If the value of ssEnabled
is 2
, mnode issues shared storage data migration check commands every hour. If there is time-series data that needs to be uploaded, it will automatically be segmented and migrated into shared storage. This process can also be manually trigger using SQL commands, with the following syntax:
ssmigrate database <db_name>;
Note that if the value of ssEnabled
is 1
, mnode will never trigger the migration process automatically and user must trigger it manually if a migration is desired.

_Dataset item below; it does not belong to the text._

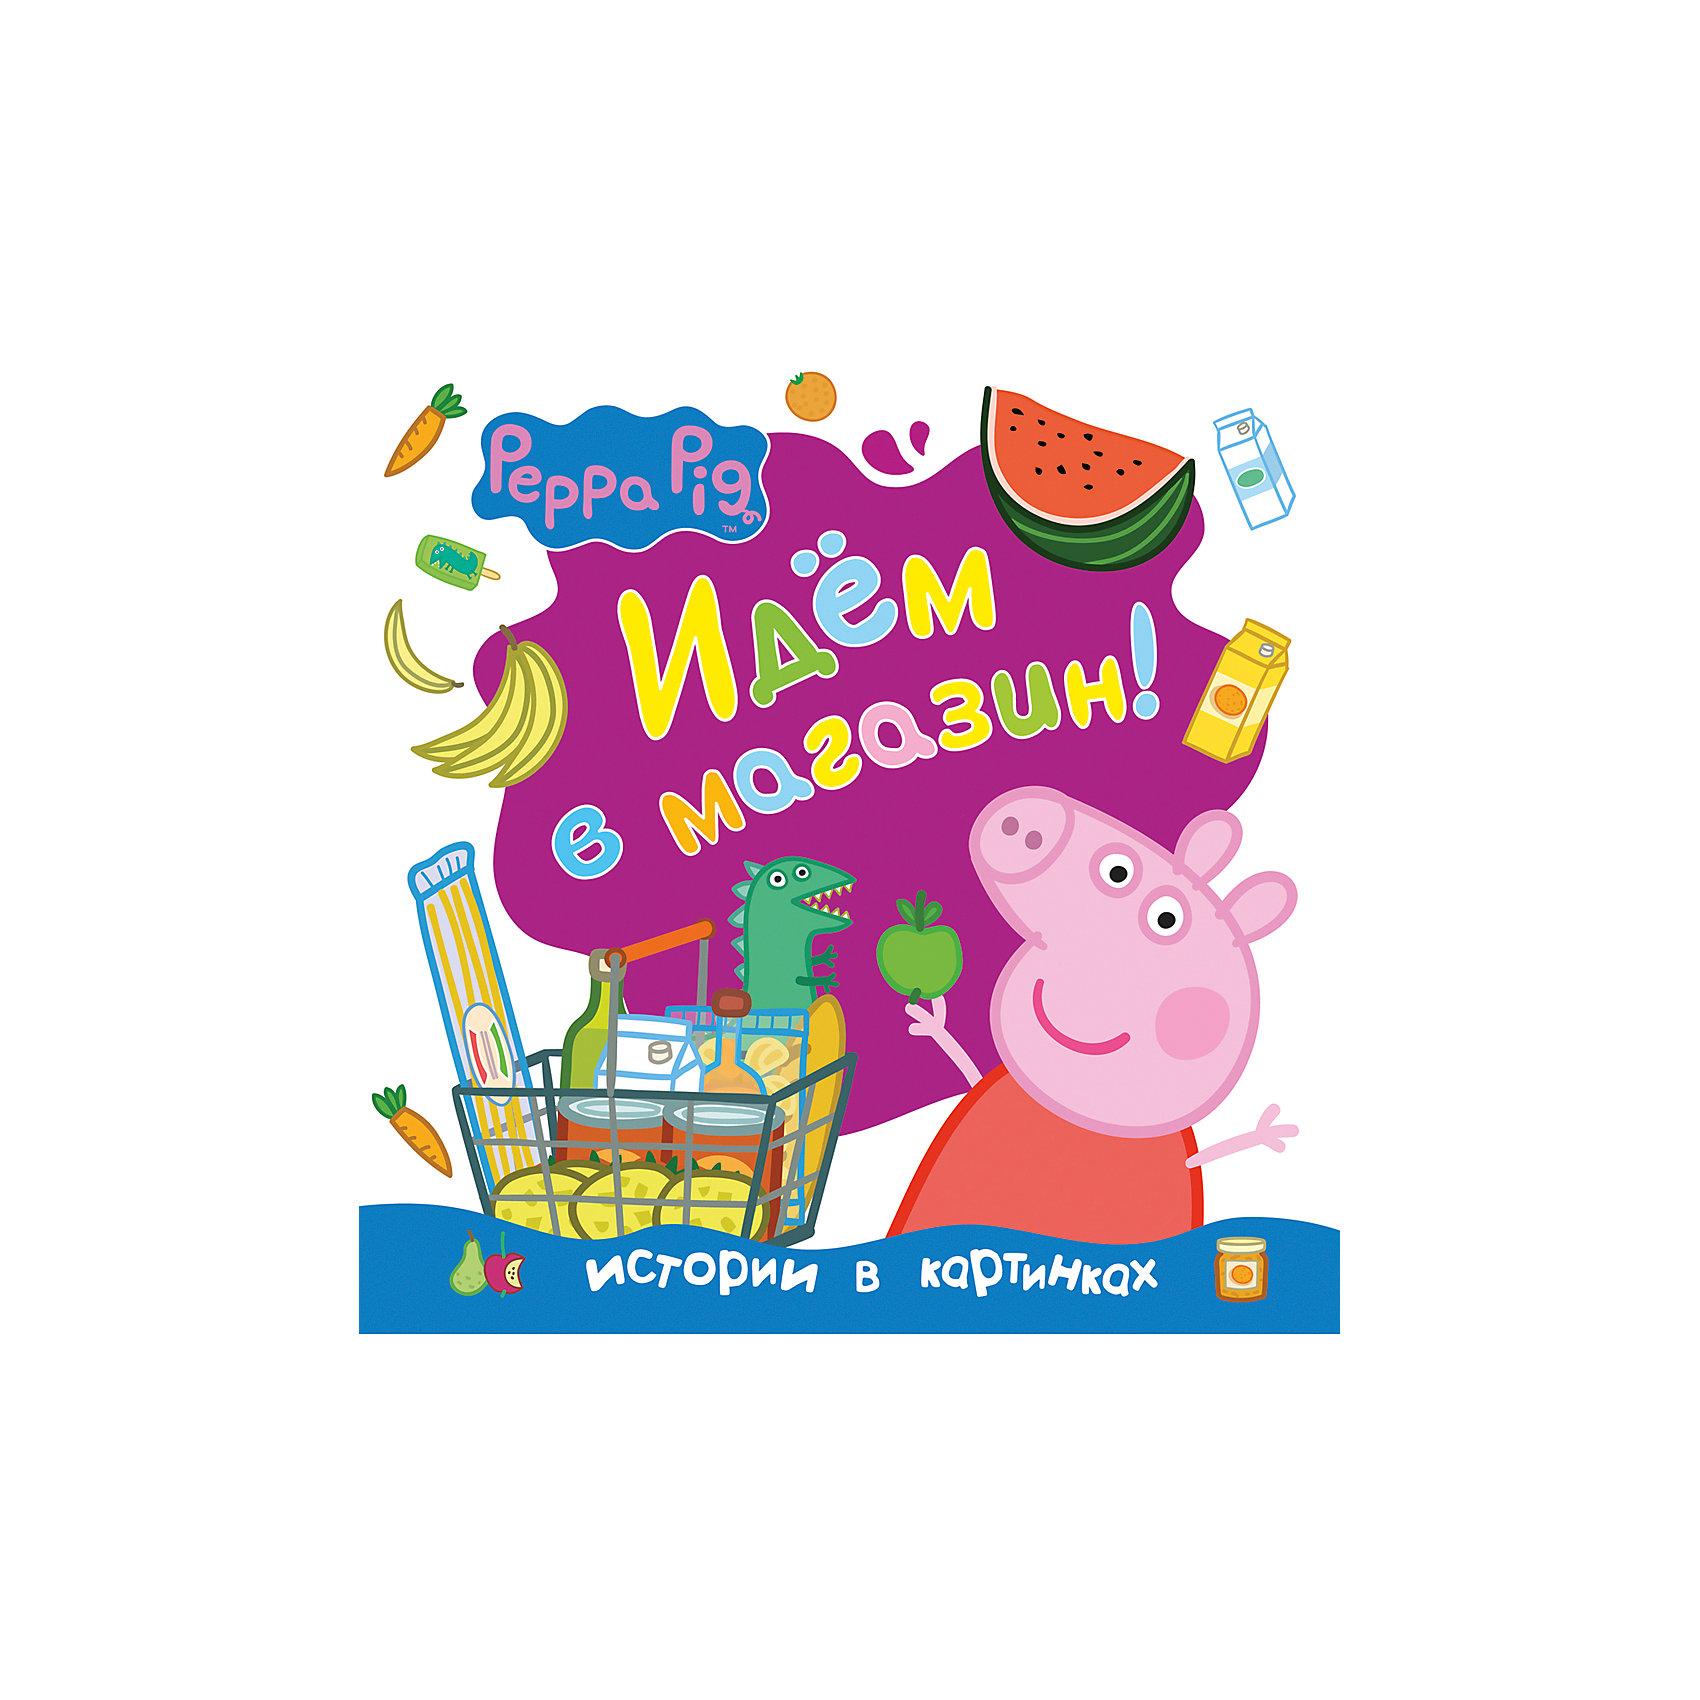 Истории в картинках Идём в магазин!, Свинка ПеппаИстории в картинках Идём в магазин!, Свинка Пеппа – удивительная история про свинку Пеппу и ее семью в красочной книге с твердой обложкой.<br>Где можно купить и овощи, и фрукты, и многие другие нужные вещи? Конечно, в магазине! Туда-то и отправилась Свинка Пеппа вместе со своей семьёй. О том, смогут ли они точно следовать списку покупок, ребенок узнает, прочитав увлекательную историю. Повествование сопровождается красочными иллюстрациями и интересными диалогами. Благодаря крупному шрифту и несложным текстам издание отлично подойдет в качестве первой книги для чтения, а малыши, еще не умеющие читать, смогут слушать сказку и рассматривать красивые картинки. Веселая история про свинку Пеппу подарит вашему ребенку массу положительных эмоций.<br><br>Дополнительная информация:<br><br>- Редактор: Смилевска Л.<br>- Издательство: Росмэн<br>- Тип обложки: твердый переплет<br>- Иллюстрации: цветные<br>- Количество страниц: 36 (мелованная)<br>- Размер: 225х226х5 мм.<br>- Вес: 297 гр.<br><br>Книгу Истории в картинках Идём в магазин!, Свинка Пеппа можно купить в нашем интернет-магазине.<br><br>Ширина мм: 225<br>Глубина мм: 226<br>Высота мм: 5<br>Вес г: 297<br>Возраст от месяцев: 24<br>Возраст до месяцев: 60<br>Пол: Унисекс<br>Возраст: Детский<br>SKU: 4565560

Detailed DB parameters are shown in the table below:
# | Parameter | Default | Min | Max | Description |
---|---|---|---|---|---|
1 | ss_keeplocal | 365 | 1 | 365000 | The number of days data is kept locally, i.e., how long data files are retained on local disks before they can be migrated to shared storage. Default unit: days, supports m (minutes), h (hours), and d (days) |
2 | ss_chunkpages | 131072 | 131072 | 1048576 | The size threshold for migrating objects, same as the tsdb_pagesize parameter, unmodifiable, in TSDB pages |
3 | ss_compact | 1 | 0 | 1 | Whether to automatically perform compact operation when before the first migration of TSDB files |
Estimation of Read and Write Operations for Object Storage
The cost of using object storage services is related to the amount of data stored and the number of requests. Below, we discuss the processes of data upload and download separately.
Data Migration
When the TSDB time-series data exceeds the time specified by the ss_keeplocal
parameter, the leader vnode will split the related data files into multiple file blocks, each with a default size of 512 MB (ss_chunkpages * tsdb_pagesize
), except the last file block. All of the file blocks are uploaded to the shared storage, and all of the file blocks except the last one are removed from local disk.
When creating a database, you can adjust the size of each file block through the ss_chunkpages
parameter, thereby controlling the number of uploads for each data file.

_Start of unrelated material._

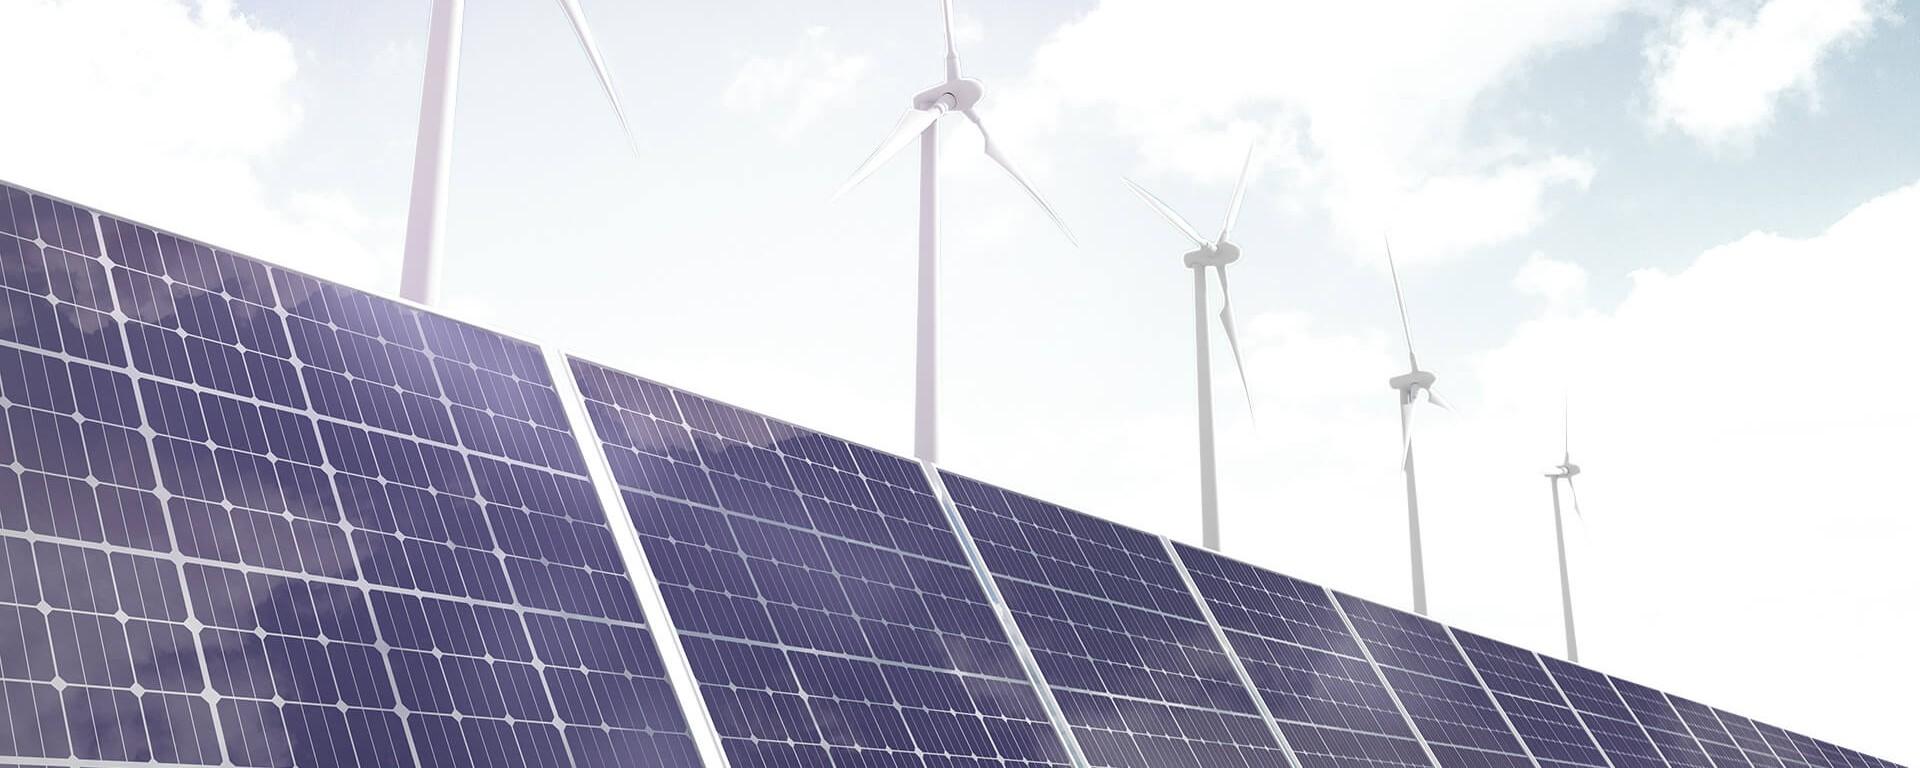 Welser_Stahlprofile_Energiegewinnung_Umwelttechnik

Other types of files such as head, stt, sma, etc., are also uploaded to the shared storage, but retained on the local file system to speed up pre-computed related queries.
The leader vnode also creats/updates a manifests file in the shared storage to save the migration information after the migration process finishes successfully.
The follower vnodes will then download the last block of the data file and all other files to local from the shared storage to complete the overall migration process, they rely on the manifests file to decide which specific files should be downloaded.
That's, the read/write count during data migration is about:
Read/Write Count = Number of Data Blocks + (Number of Other Files + 2) x Number of vnodes
Data Download
During query operations, if data in object storage needs to be accessed, TSDB does not download the entire data file. Instead, it calculates the position of the required data within the file and only downloads the relevant data into the TSDB page cache, then returns the data to the query execution engine. Subsequent queries first check the page cache to see if the data has already been cached. If the data is cached, it is used directly from the cache, thus effectively reducing the number of times data is downloaded from object storage.
Adjacent multiple data pages are downloaded as a single data block from object storage to reduce the number of downloads. The size of each data page is specified by the tsdb_pagesize
parameter when creating the database, with a default of 4 KB.
Download Count = Number of Data Blocks Needed for Query - Number of Cached Data Blocks
The page cache is a memory cache, and data needs to be re-downloaded after a node restart. The cache uses an LRU (Least Recently Used) strategy, and when there is not enough cache space, the least recently used data will be evicted. The size of the cache can be adjusted through the ssPageCacheSize
parameter; generally, the larger the cache, the fewer the downloads.
Azure Blob Storage
Support for Azure Blob object storage is temporarily disabled, if you are using this service before the release of TDengine version 3.3.7.0, please wait for the new version.